AVAILABLE DATA:
════════════════
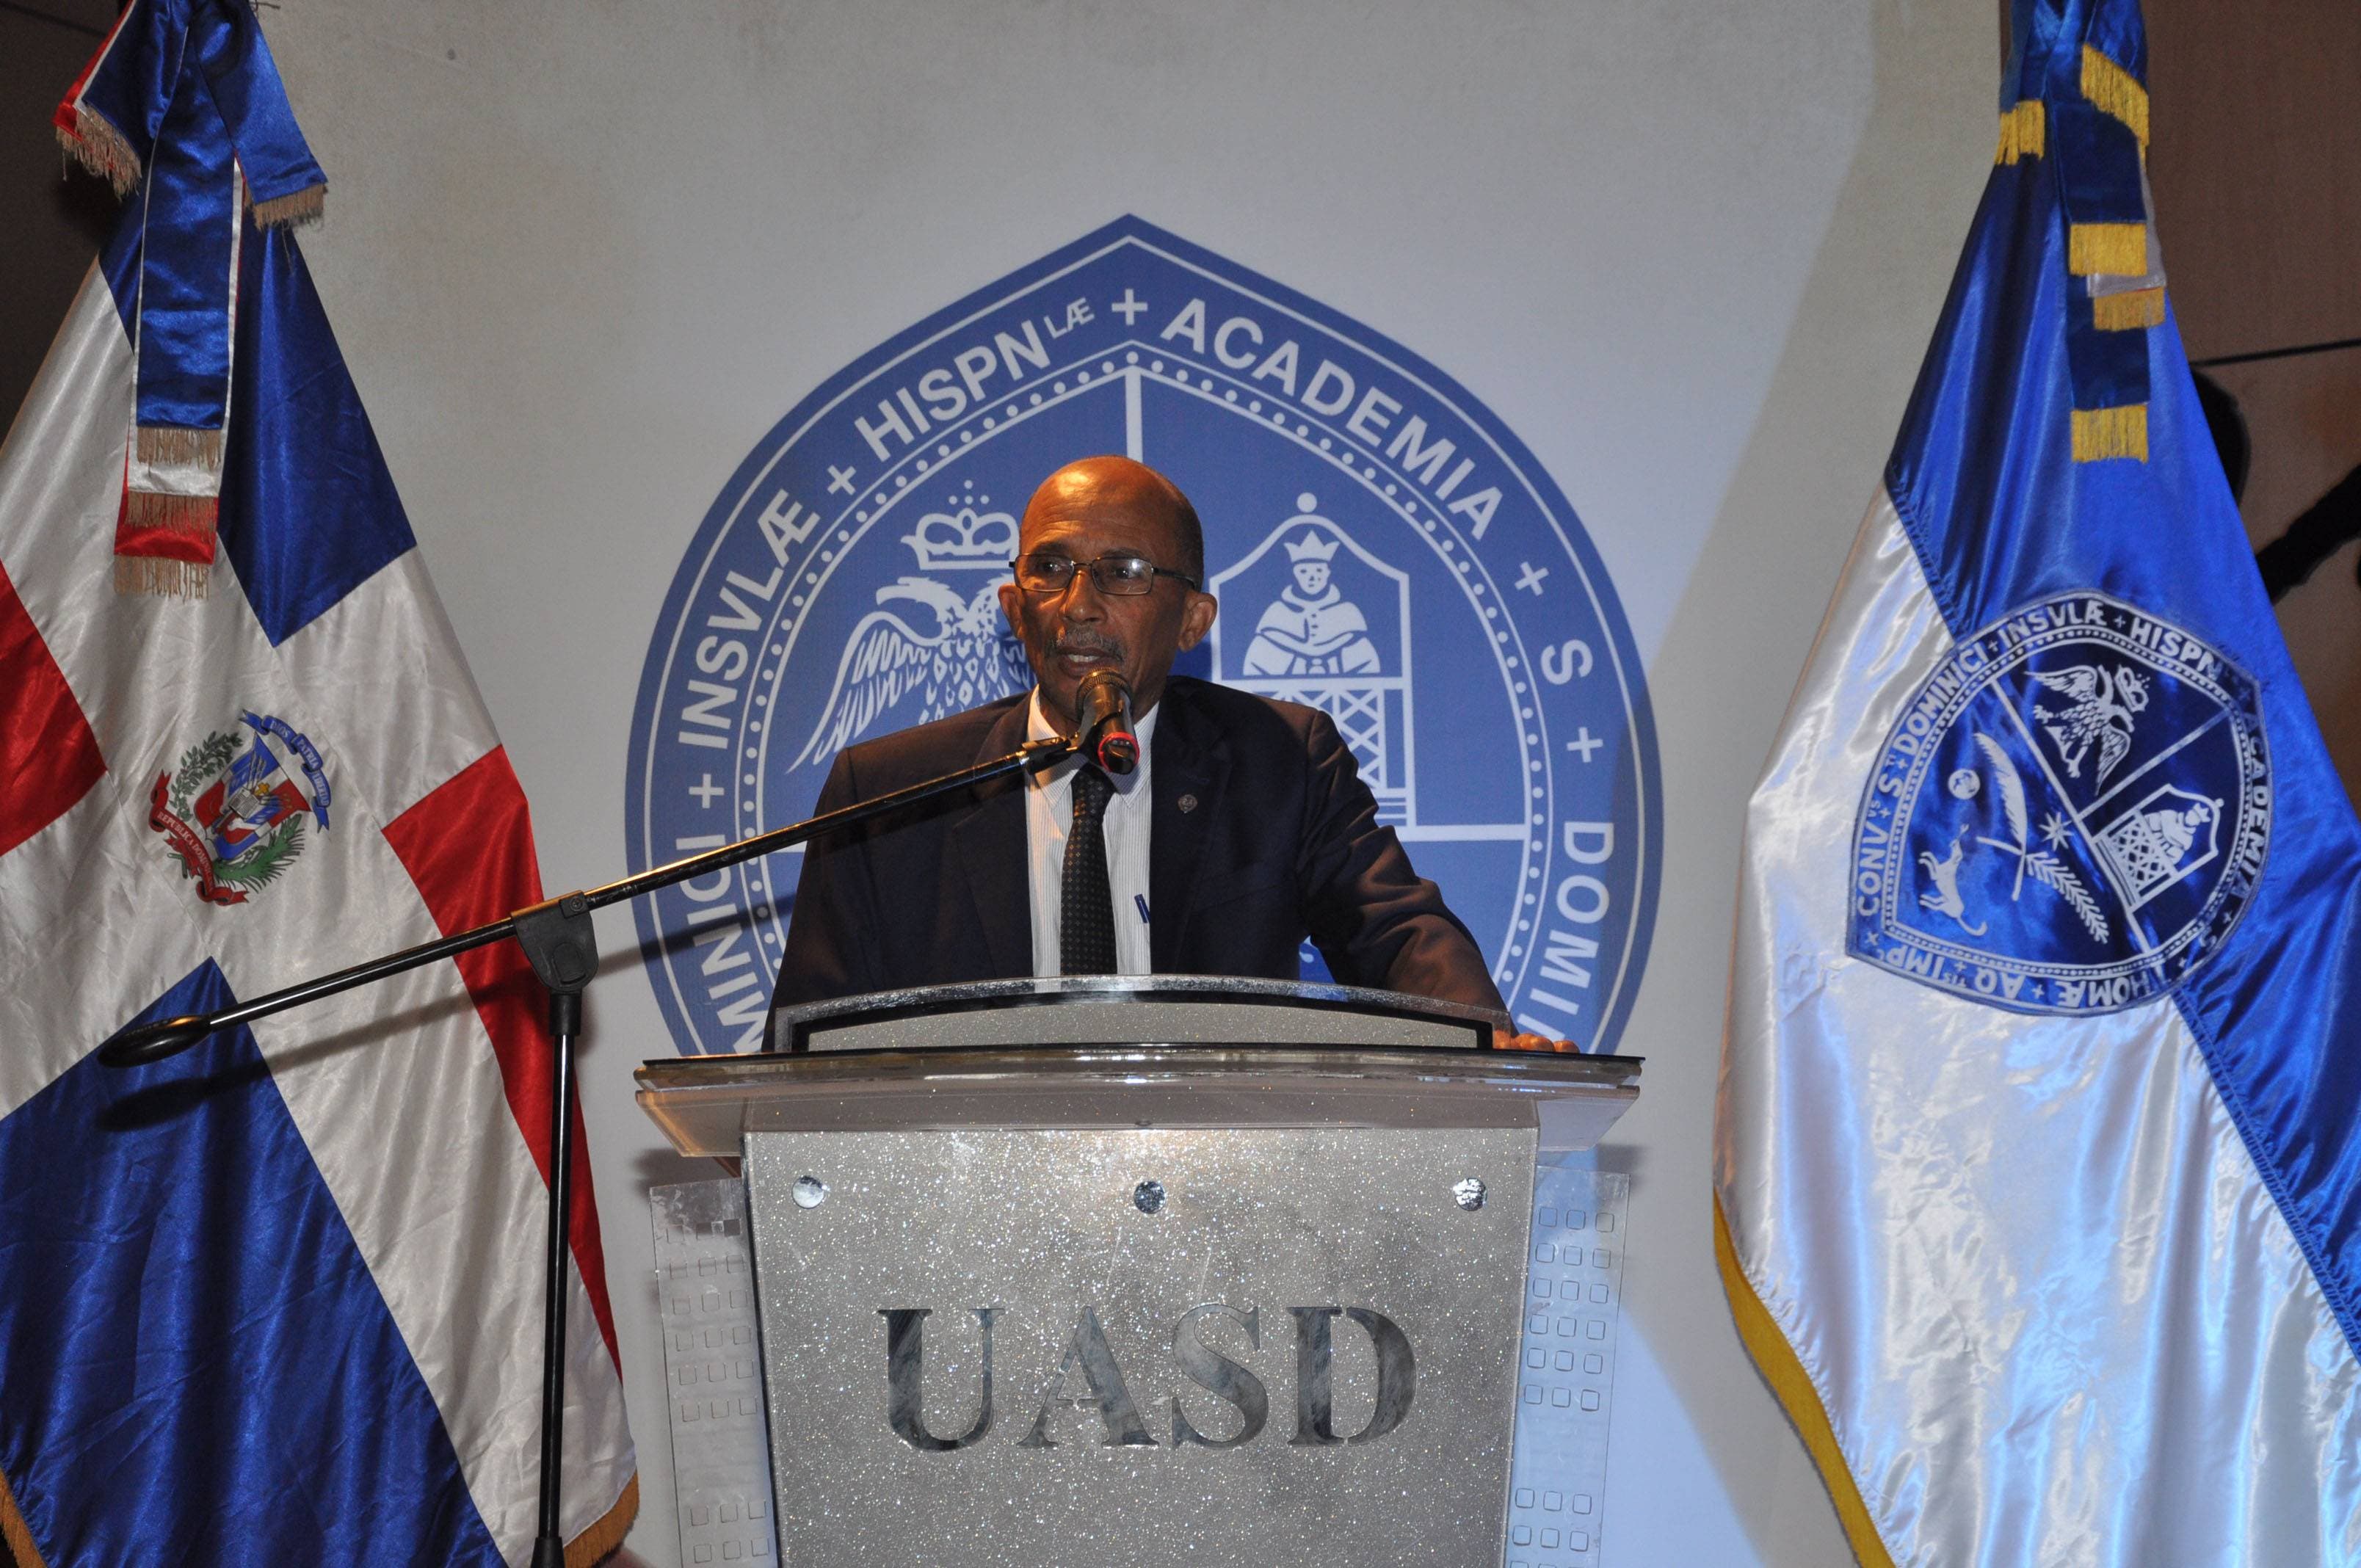 Retan candidatos a rectores de la UASD a debatir proyectos para lograr saneamientos de la academia
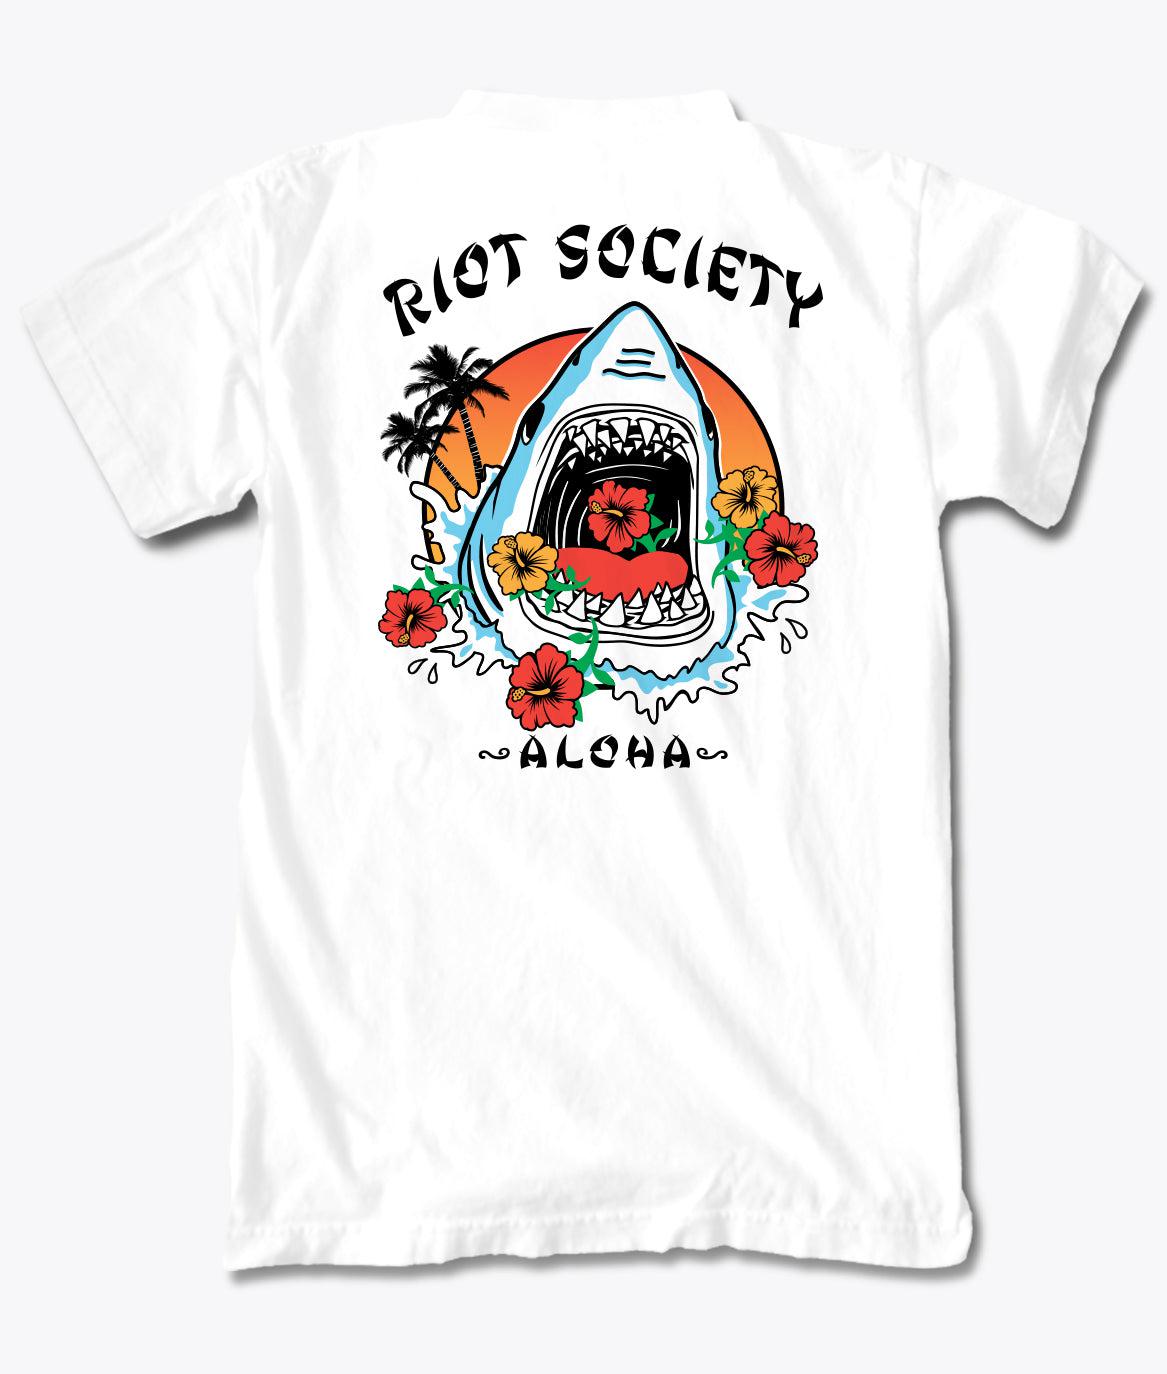 Shark Aloha Boys Tee - S - Riot Society
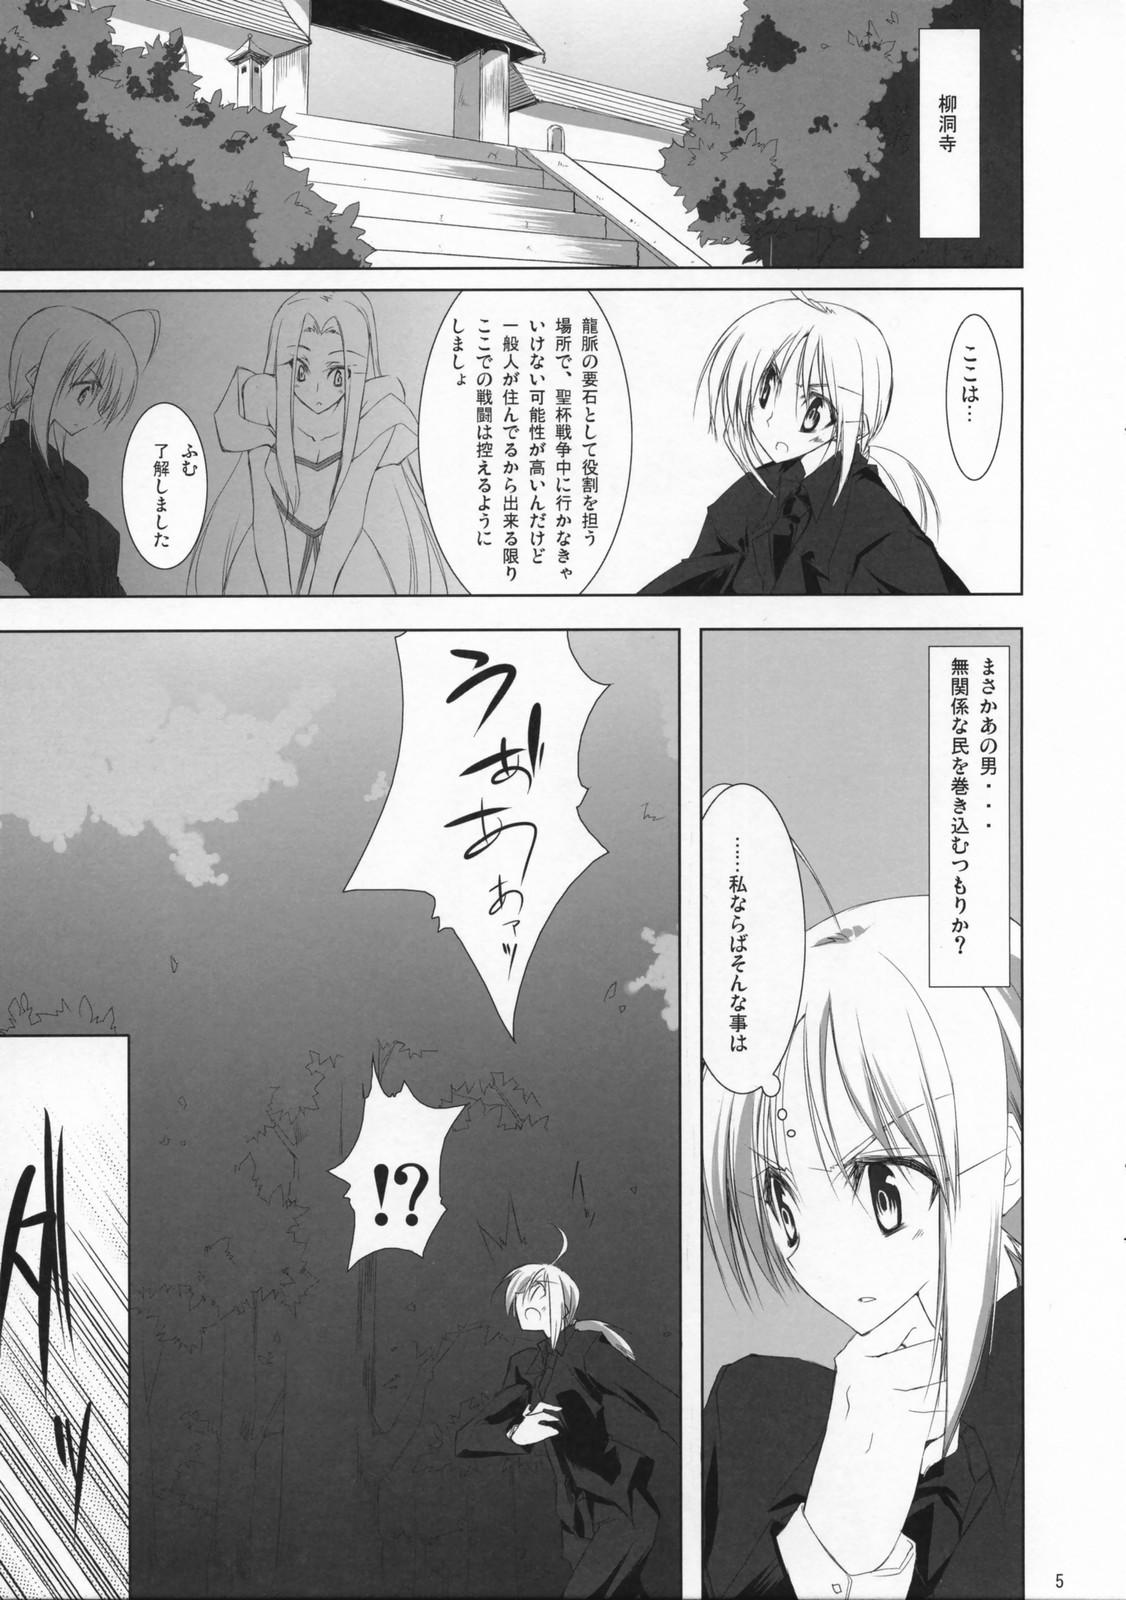 Pmv Fate/Zatto - Fate stay night Fate zero Adolescente - Page 4
════════════════
EXERCISE DESCRIPTION:
Transcribe the material exactly, and leave out whatever pictures it holds.

SOLUTION:
 Retan candidatos a rectores de la UASD a debatir proyectos para lograr saneamientos de la academia
 Shark Aloha Boys Tee - S - Riot Society
 Pmv Fate/Zatto - Fate stay night Fate zero Adolescente - Page 4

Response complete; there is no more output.